More interesting is that inside do_processing() it is the call to create_wordcount_index_for_document() which takes the 780 seconds of that 782. We're not surprised, it's the function that does the indexing.

But what inside that function is taking most time? Well, cProfile isn't a line-by-line profiler .. so we won't know precisely but the next few lines might give us a clue.

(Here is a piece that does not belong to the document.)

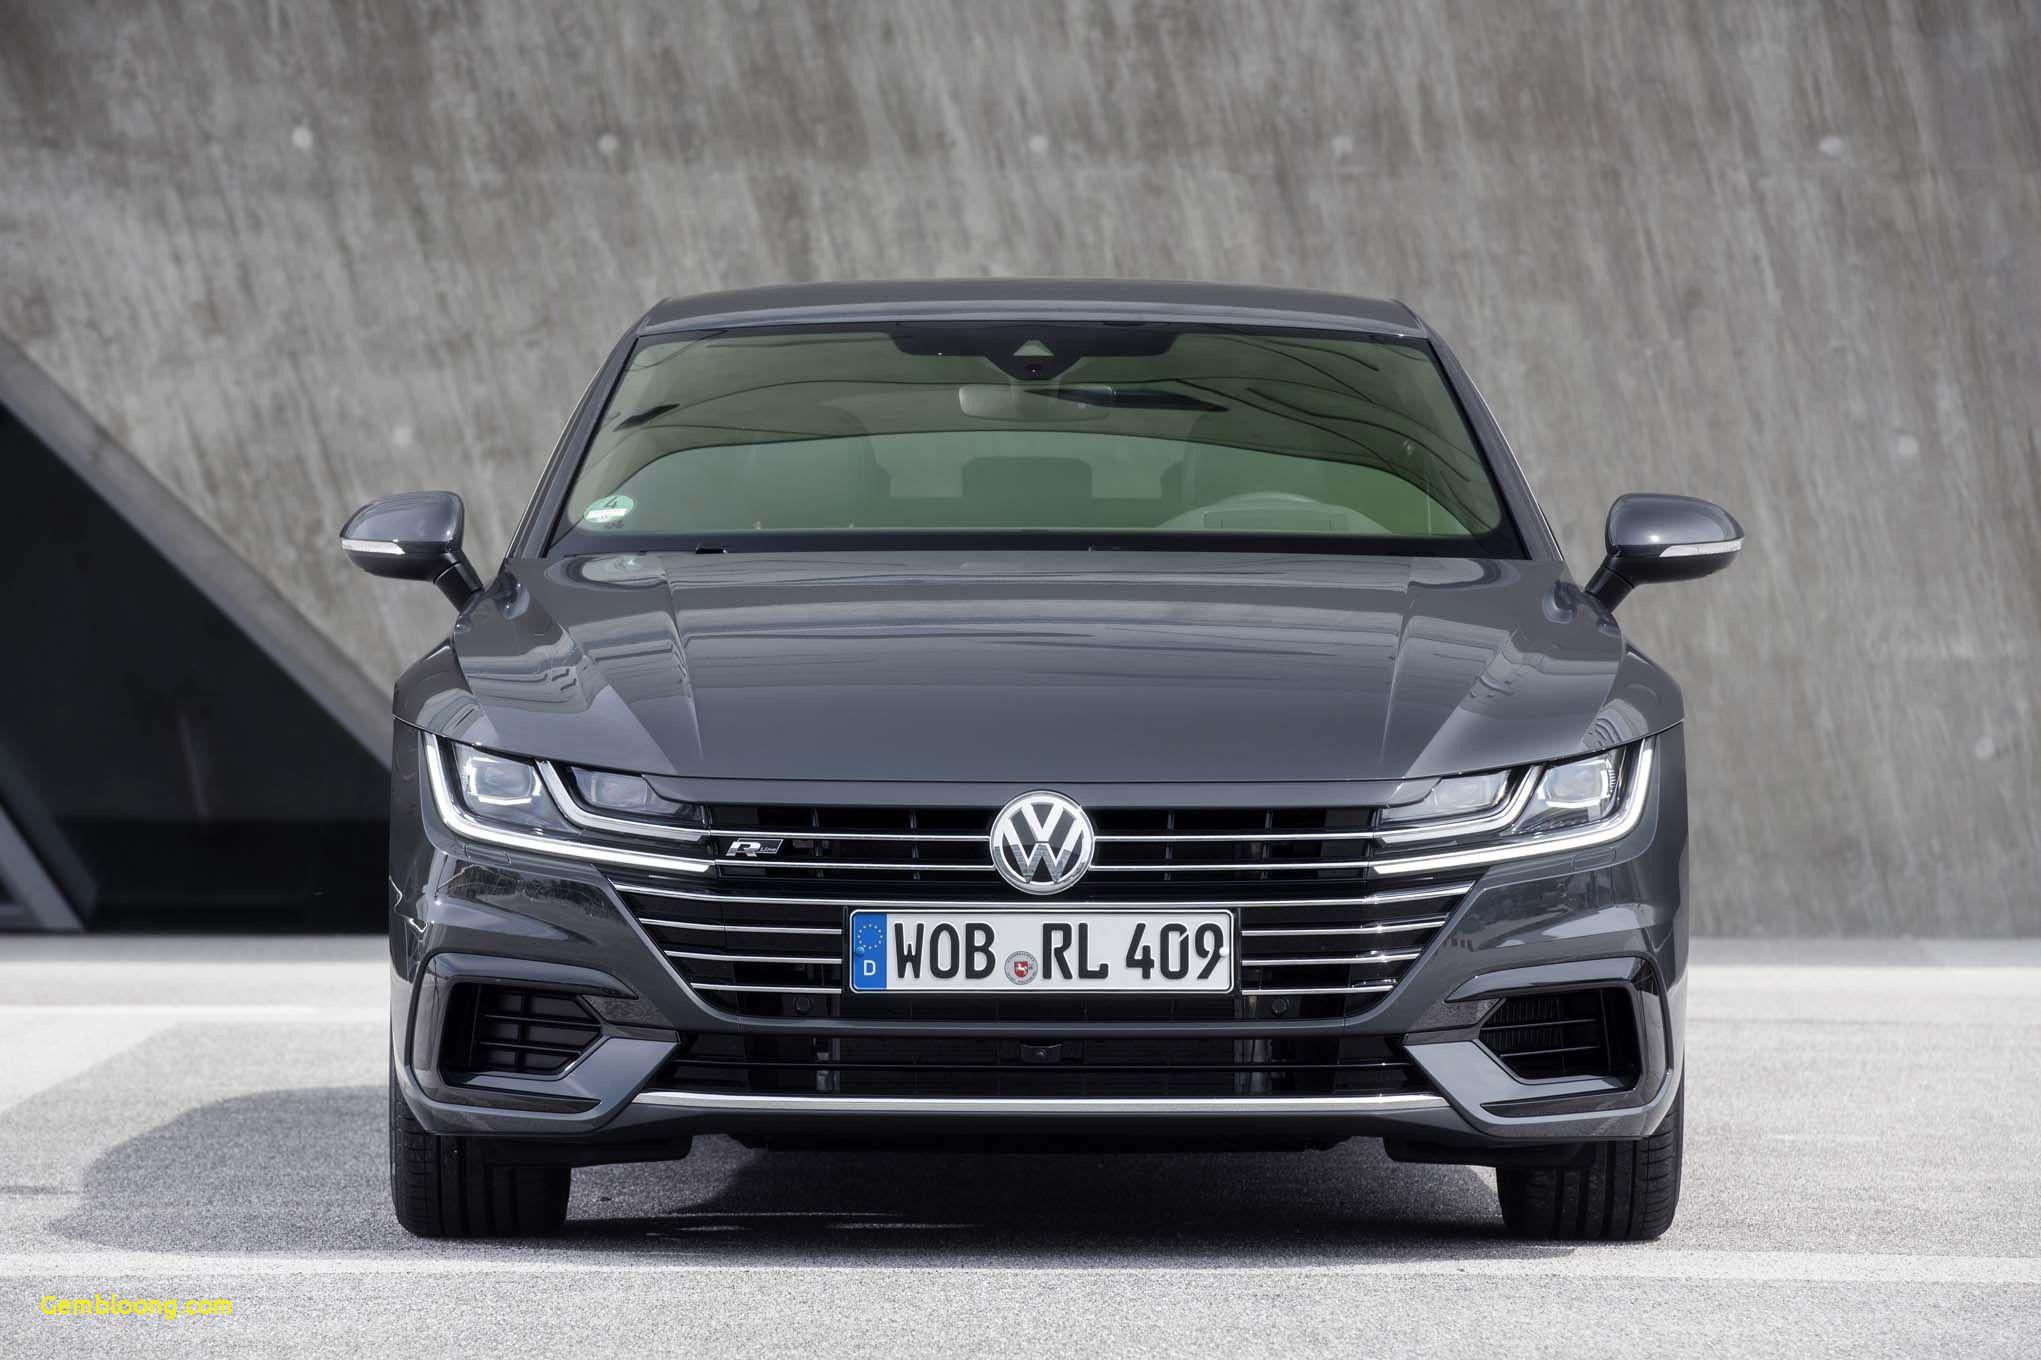 2020 Volkswagen Passat Gt Check More At Http Www Autocar1 Club 2019 05 29 2020 Volkswagen Passat Gt Volkswagen Passat Cc Volkswagen Cc Volkswagen

They tell us that indexing.py (inside pandas?) takes 775s of that 780 ... doing something called __setitem__ whatever that is.

Similarly we can see reindex_axis inside frame.py and generic.py is taking time too ... we're assuming they're inside pandas.

Doing some googling ... suggests that adding values to a pandas and growing it dynamically is ... sloooowww .... and it is better to create a list first, and once all the values have been added, we then create a pandas data frame from that list. This way, there is no need for pandas to be constantly trying to insert values into a 2-d structure, and for each insert, update the indices, etc ..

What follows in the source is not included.